Insurance companies could cut premiums by a quarter and still make profits, an Oireachtas Committee claimed today.
The Oireachtas Enterprise and Small Business Committee today published its Third Interim Report on reform of the Irish insurance industry at Leinster House.
The all-party body noted the profits of the five largest companies jumped by 46 per cent between 2003 and 2004 and topped €1 billion last year.
Committee chairman Donie Cassidy said the figures show huge profits are being made at the public's expense.
"If anybody is making a billion euro profit in a four million population market, there is certainly scope for 25 per cent more downward movement," the Fianna Fail TD for Longford-Westmeath said.
"With the profits of insurance companies and the buoyancy of the economy, I certainly would see it as a very attractive market to do business in."
Mr Cassidy urged consumers to shop around, acknowledged that motor and employers' liability insurance premiums had fallen in the past 18 months.
Today's report, which was based on hearings held between April and November, insisted that insurance premiums could only be significantly reduced by fewer road fatalities, a capping of personal injury awards and competition in the insurance market.
It also called for more speed cameras and premium discounts for drivers who allow in-car devices to monitor their speed.

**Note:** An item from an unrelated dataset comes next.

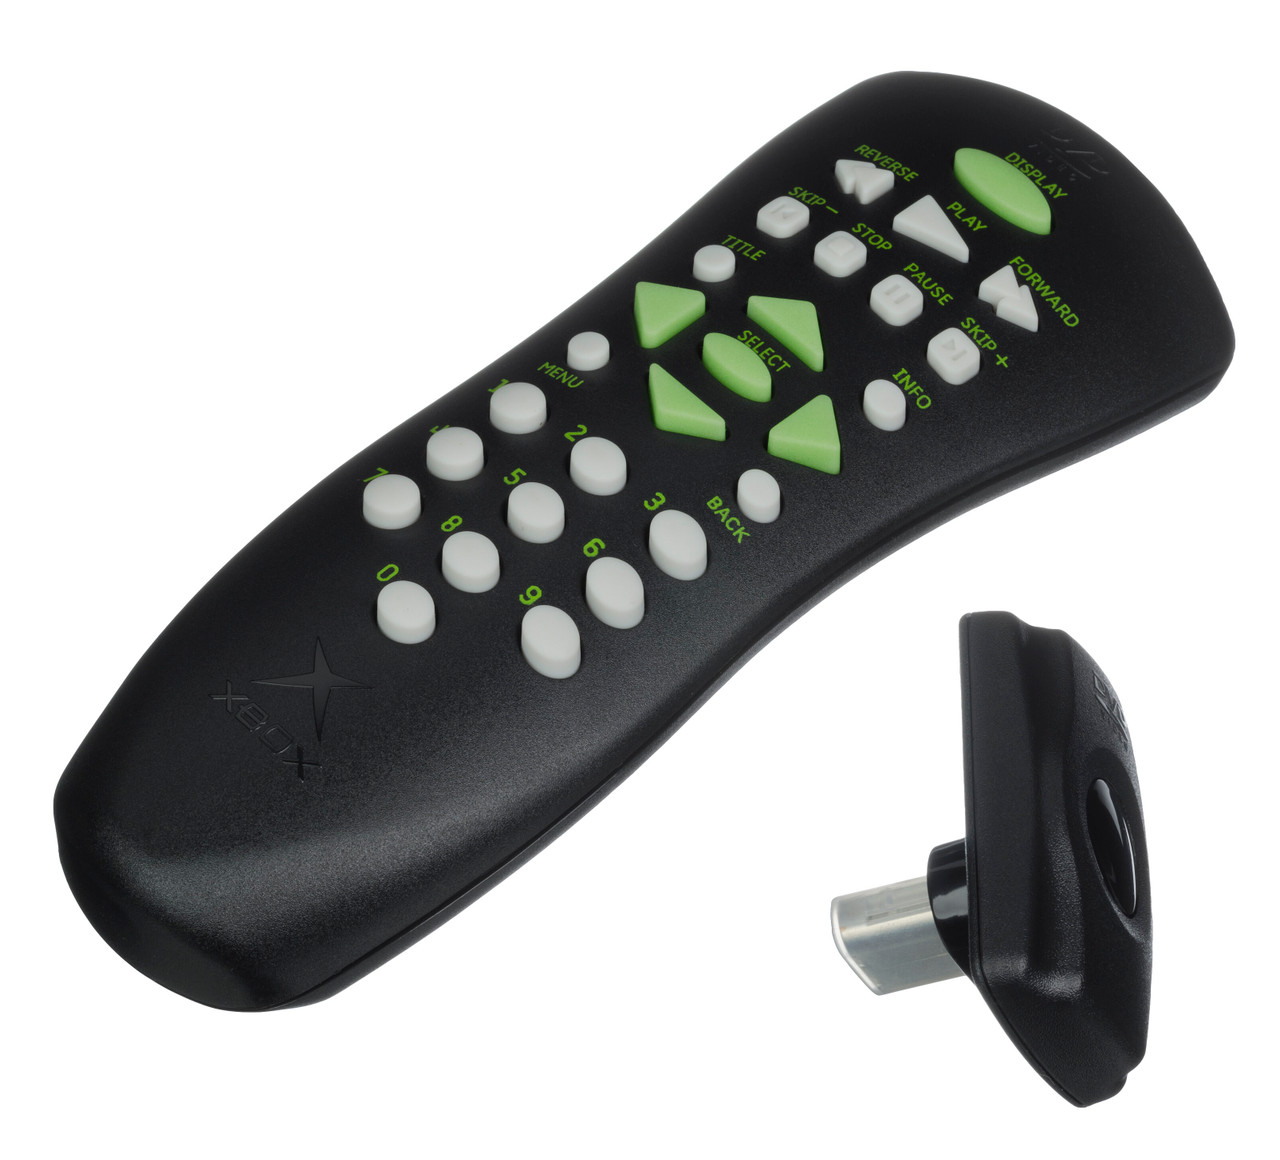 Xbox dvd remote control

Consultant to the committee, Myles O'Reilly said one insurance firm was offering a discounted scheme for young drivers who agreed to have their speed monitored. "The committee believes that this scheme should be extended to all drivers and all companies," he said. "A driver voluntarily agrees to have their speed monitored and for that reason will get a reduction in their premium."
Mr O'Reilly said the committee had no problem with insurance companies earning very good profits as that was evidence of a good market out there. "Such a market is also likely to draw in competitors and thus improve competition," he added.